• _The data_
-=-=-

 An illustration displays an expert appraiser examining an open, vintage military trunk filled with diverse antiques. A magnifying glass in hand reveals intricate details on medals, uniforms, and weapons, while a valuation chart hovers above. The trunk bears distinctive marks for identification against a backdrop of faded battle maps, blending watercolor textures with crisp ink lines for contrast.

-=-=-

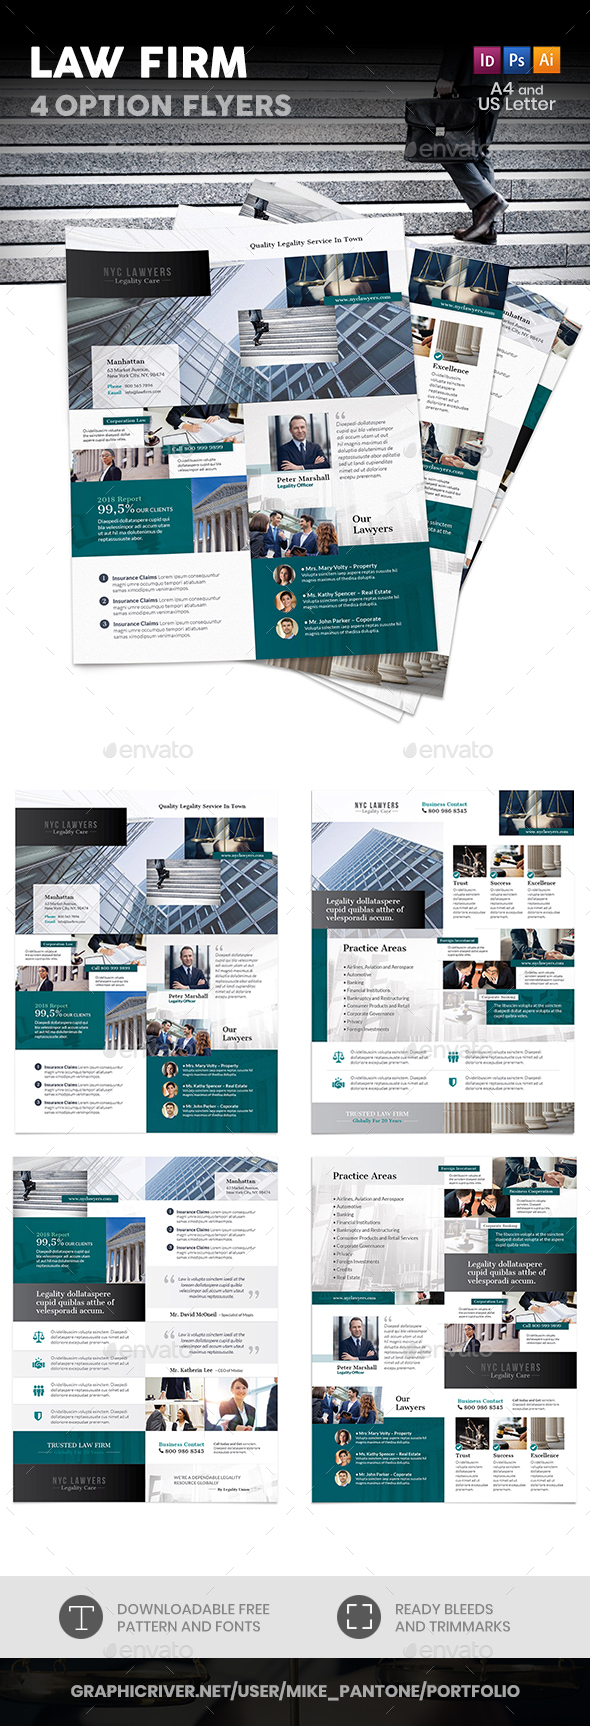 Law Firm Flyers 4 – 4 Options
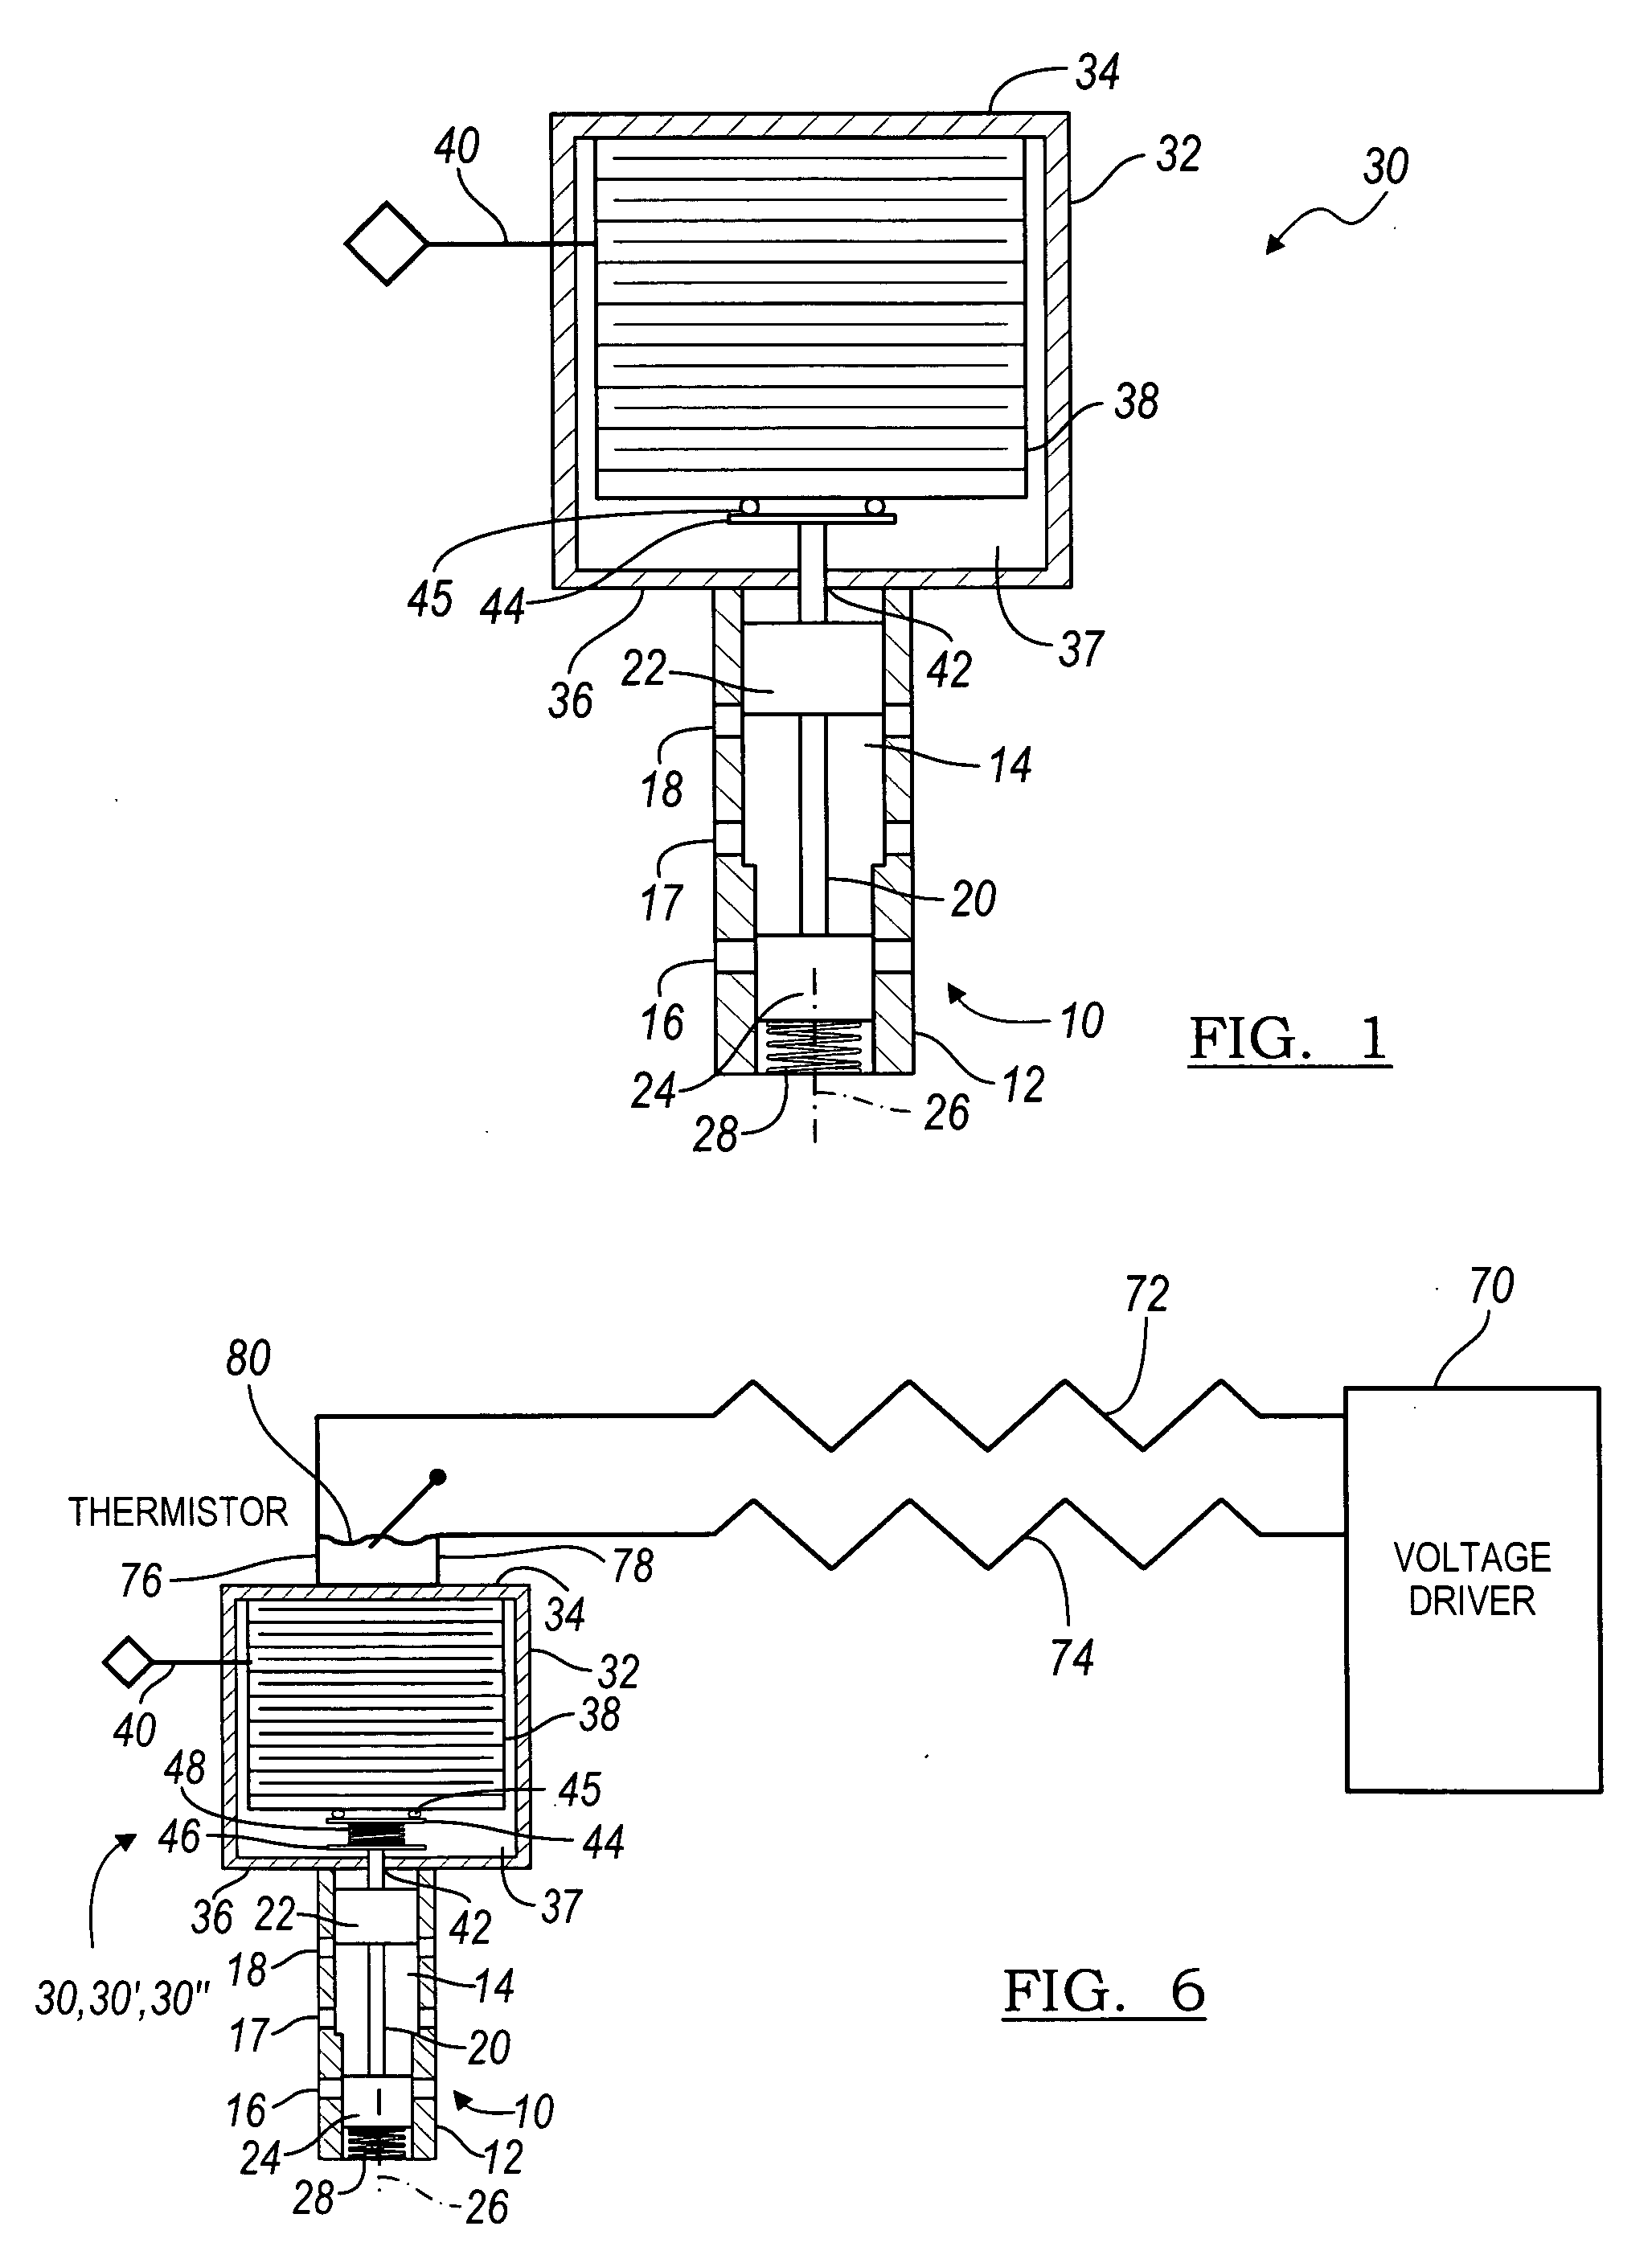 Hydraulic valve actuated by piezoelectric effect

-=-=-

• _Assignment_
Would you copy, word for word, only the lines above from the one containing "Law Firm Flyers 4 – 4 Options" through the one containing "Hydraulic valve actuated", both included, and please leave out the pictures?

• _Exercise output_
 Law Firm Flyers 4 – 4 Options
 Hydraulic valve actuated by piezoelectric effect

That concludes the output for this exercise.